In food-obsessed New York, L.A., and San Francisco, it’s easy to source vegetables with credentials and meals with arcane, cruelty-free ingredients. But in the hinterlands it’s another story. An orthorexic fears traveling to new places out of concern that designated safe foods will be unavailable.

4. They proselytize.
Whether they are raw-food acolytes or Paleo junkies, orthorexics talk incessantly about the upside to their restrictive lifestyles. Watch for Facebook posts like: "Day five of my juice fast and I’ve never felt so vibrant!" or "Eating like our prehistoric ancestors and my skin is just glowing. #nofilter #cleanliving."

5. They train like superathletes.
Not all orthorexics are exercise fanatics, but when they are, they take things to an extreme.
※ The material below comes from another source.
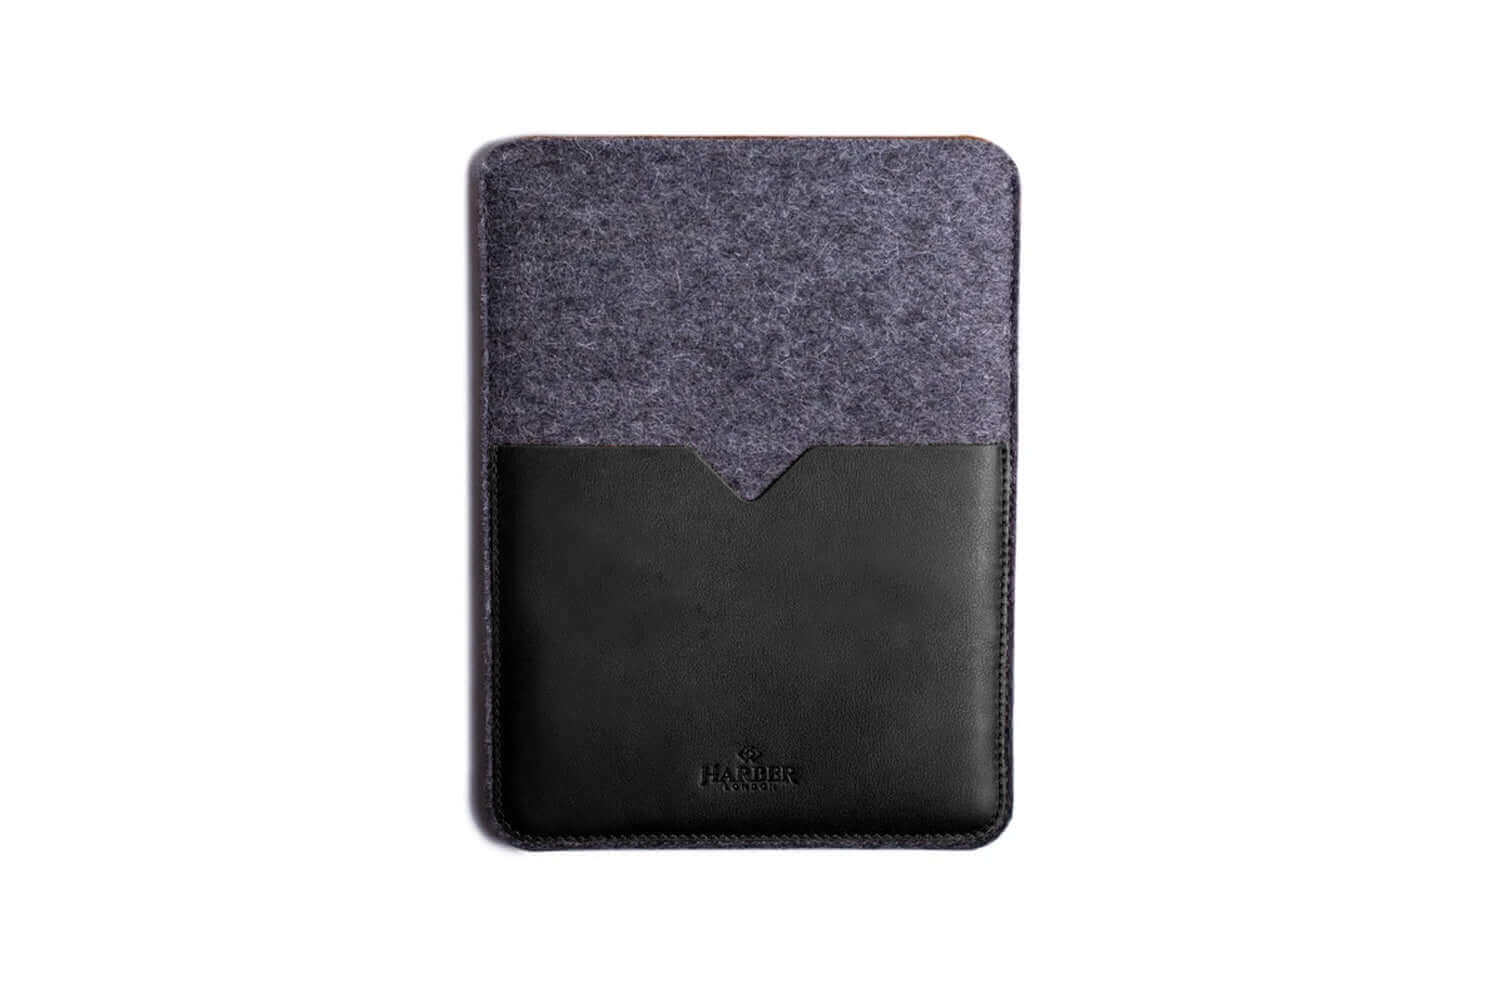 Classic – Leather iPad & Kindle Sleeve Case

That means multiple workouts in a day, fueled by esoteric micro-meals and lengthy discussions of how best to rehydrate (sports drinks are off the list since they’re totally laden with awful food dyes, by the way).

6. They hate brunch.
Orthorexics show up at dinner parties after the meal has been served and say, "I’ve already eaten." Social gatherings centered on meals rarely work for them, so instead an orthorexic will suggest meeting up for a SoulCycle session, her stainless-steel water bottle in tow.

7. They develop complicated rules.
If orthorexics cheat, they do so in a controlled manner, like designating Sundays as the one day of the week when they allow themselves to eat wheat, or consuming nothing but raw foods until after the sun sets.

8. They become pseudoscientists.
Orthorexics rarely read novels; instead, they immerse themselves in medical journals. Bringing up liver enzymes in casual conversation is fair game.

9. They denigrate others’ unhealthy habits.
Friday night is for documentaries about Monsanto, naturally. Friends who don’t react with the same levels of shock and indignation receive pity and even scorn.

10. They cut out "bad foods" until there are no "good" foods left.
Orthorexics often eschew whole categories of food in the name of the sublime pursuit of clean living: Bananas are way too high on the glycemic index, wheat literally rots in your gut, and even natural fructose is suspect. Eventually, there’s very little left to eat.